Learning styles. Dale’s Cone (people remember 10% of what they read, etc). All sorts of pseudo-science that’s permeated the L&D space needs to be challenged. Will Thalheimer’s Debunker’s Club is a very helpful resource to be more of a rebel.

4. “Forgive them, they know not what they do.”

Jesus, as the story goes, was nailed to a cross and yet chose to forgive those who had handed him over to be put to death.

Surely L&D professionals can find it in their hearts to be patient with subject matter experts, decision-makers and others who claim to be experienced presenters when they choose to eschew sound adult learning principles and concepts that actually make learning stick and instead advocate for easier options such as wordy PowerPoint decks and meandering lectures.

I’ve found the key to be to slowly and patiently ask questions, figure out the comfort zone, and then identify two steps beyond the comfort zone in order to nudge training strategies and presentation design toward something more effective and sustainable.

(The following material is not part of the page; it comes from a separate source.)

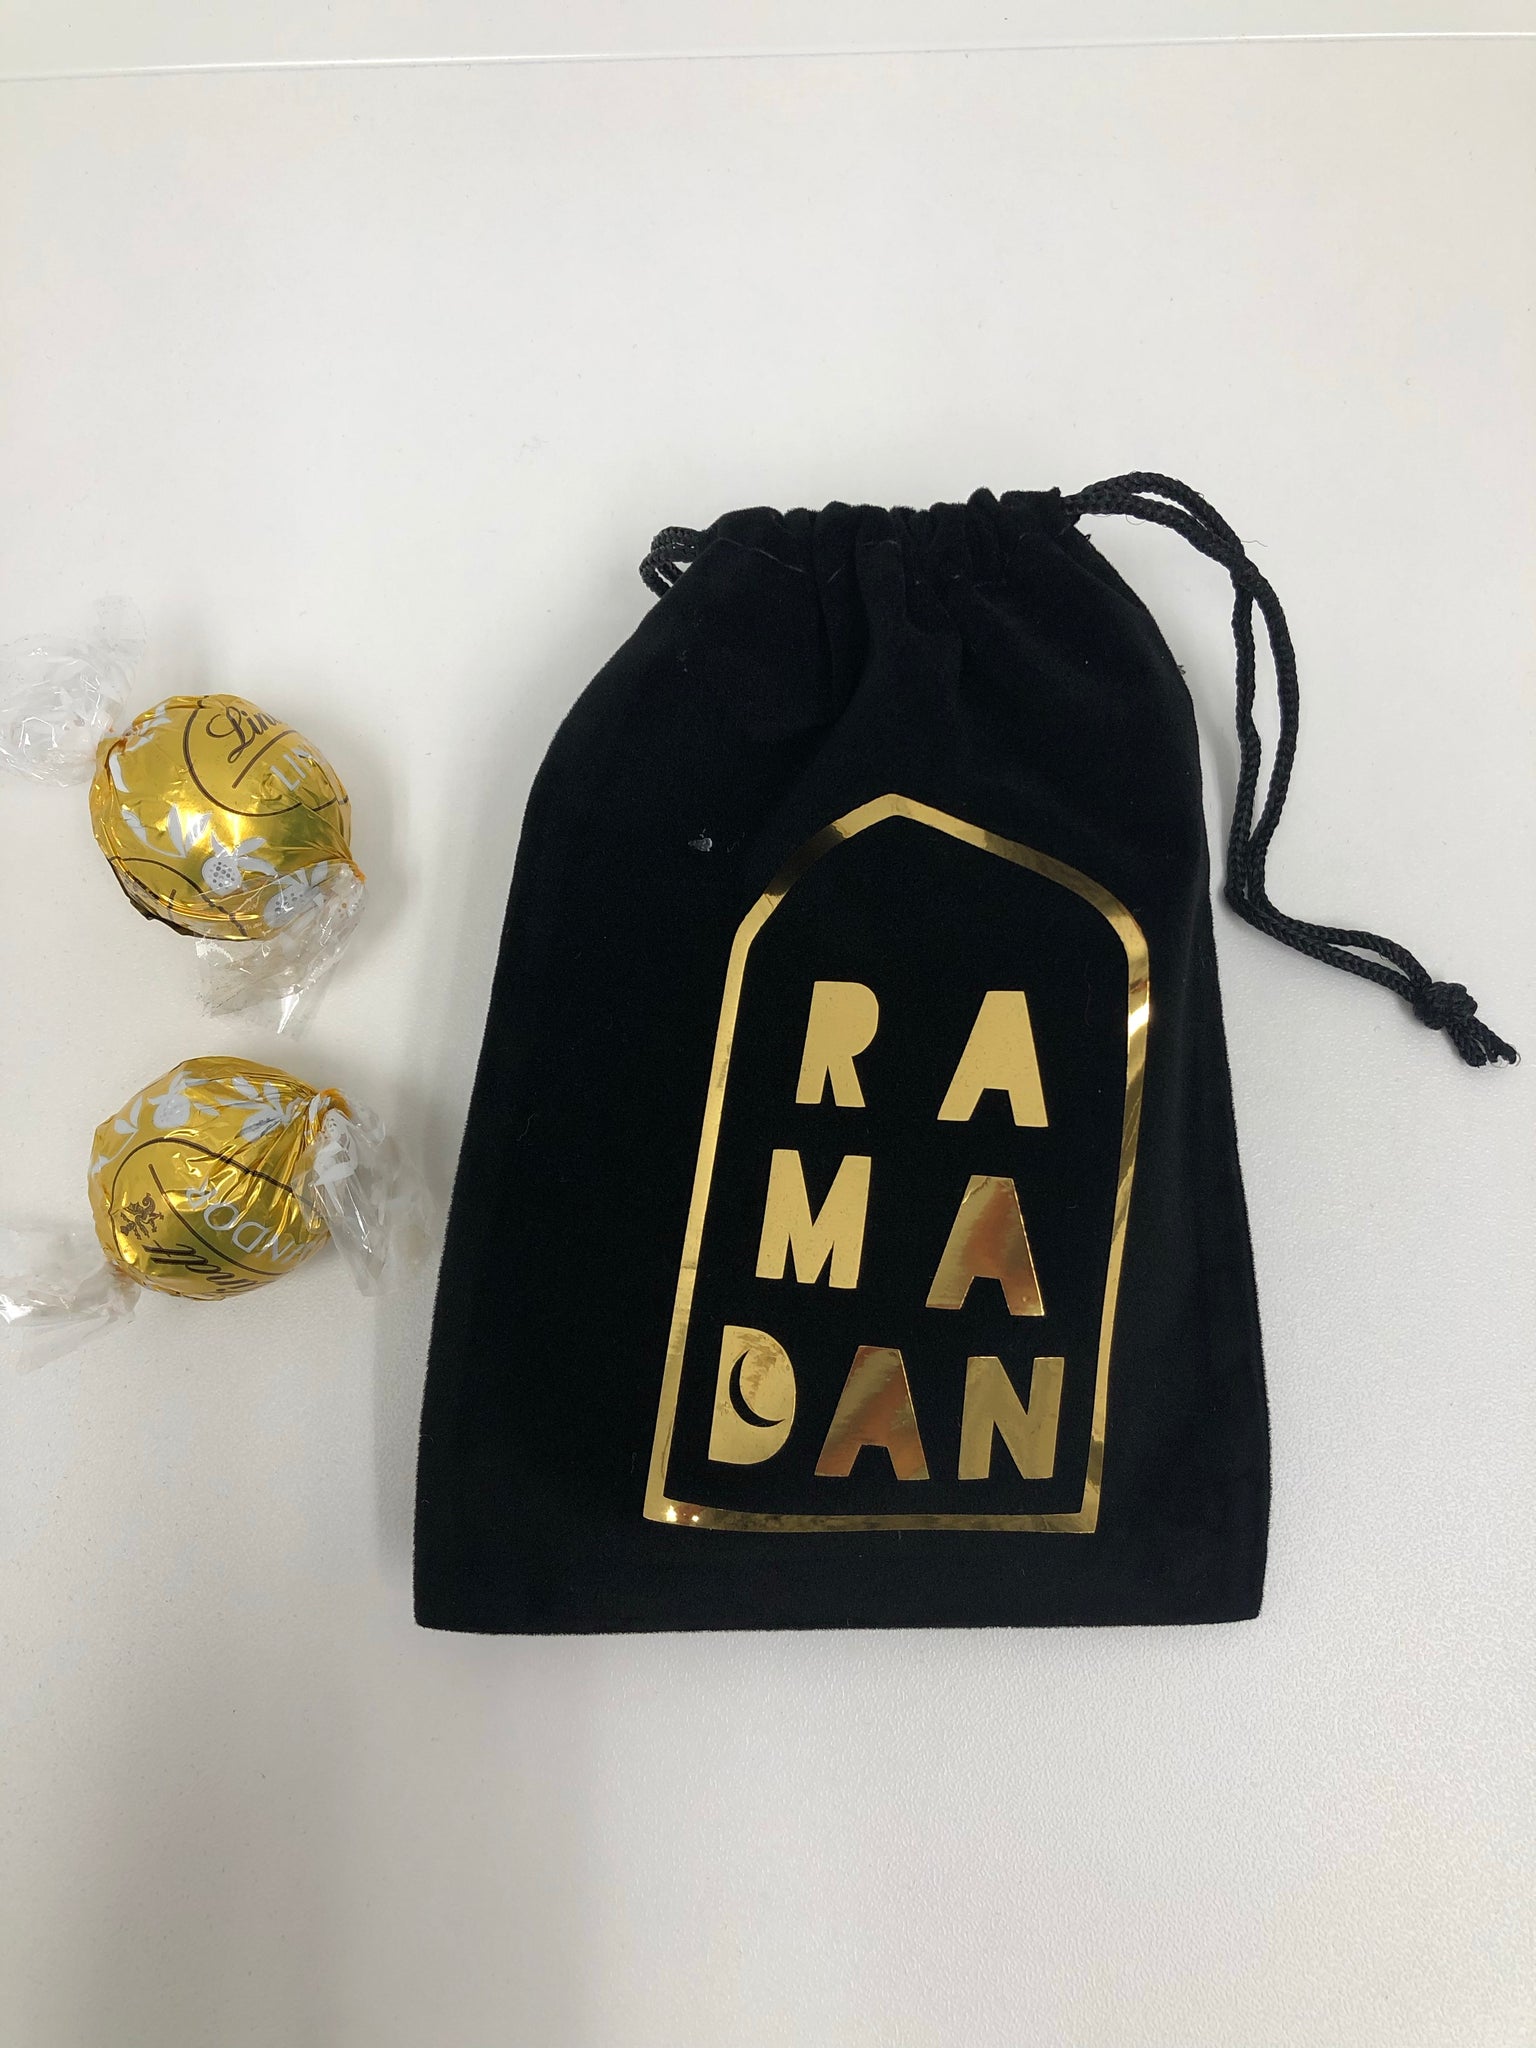 Ramadan Favor Bags (Set of 6)
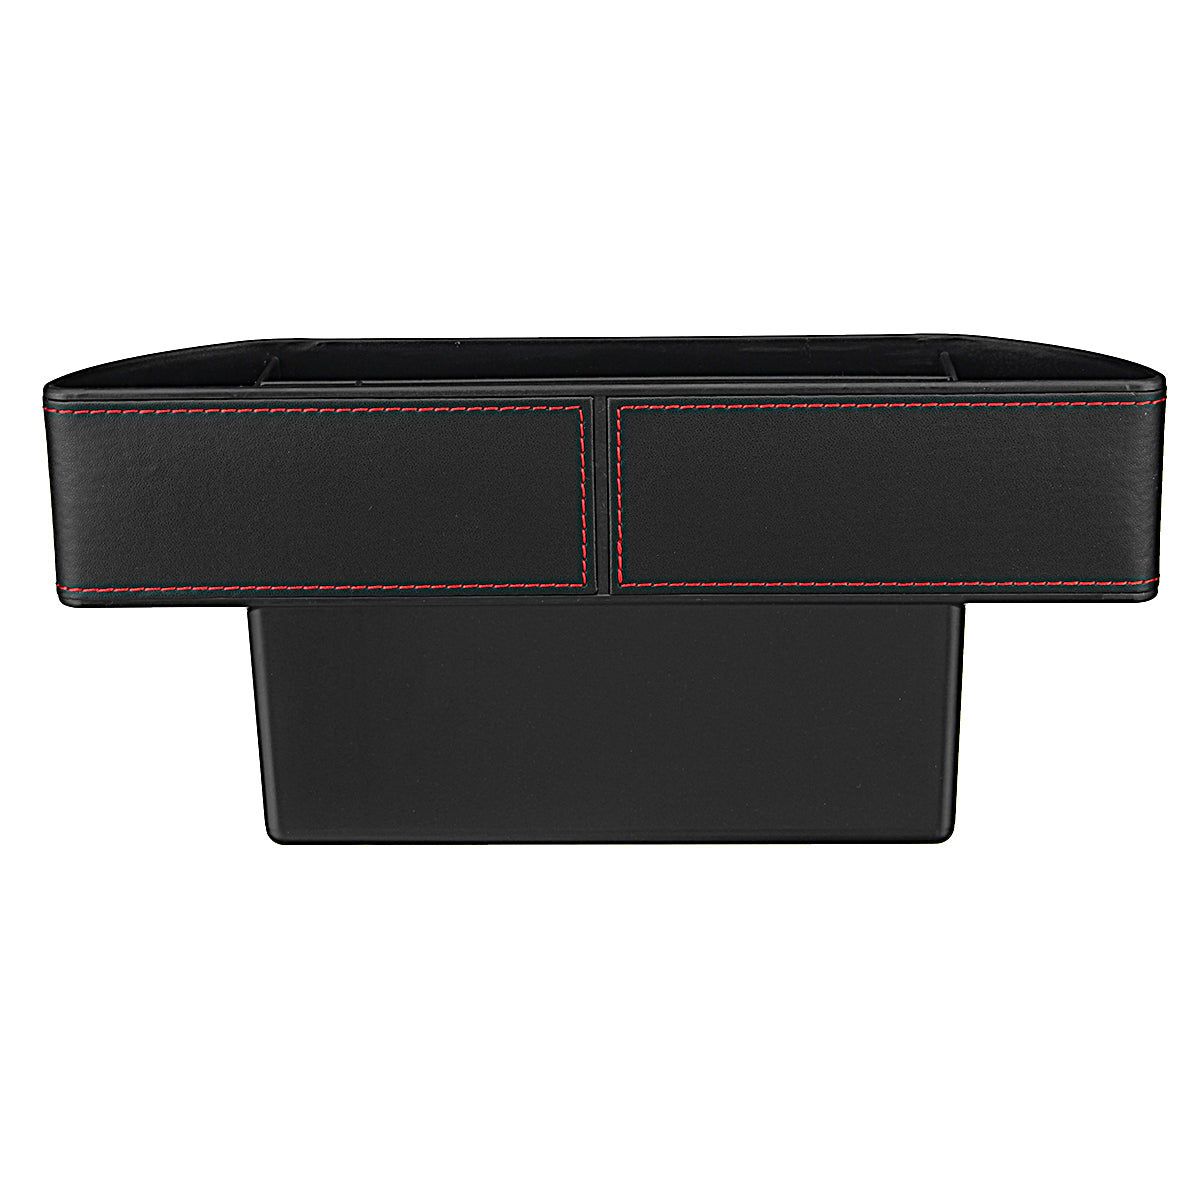 Multiple Grid PU Car Seat Crevice Storage Box Seat Gap Organizer Pocket Phone Holder - Auto GoShop

They may know not what they’re doing, but it doesn’t mean we should acquiesce to poor design. The hard work is found in slowly and continuously pushing SMEs, decision-makers and seasoned presenters toward a path in which all presentations can be engaging and lead to change. (Here’s one example of what this could look like.)

The next time you’re reflecting on your teaching style or looking for some inspiration as you put together a learning strategy, eLearning module or presentation, maybe there’s merit in reflecting on the question you can find on bumper stickers across the country: What would Jesus do?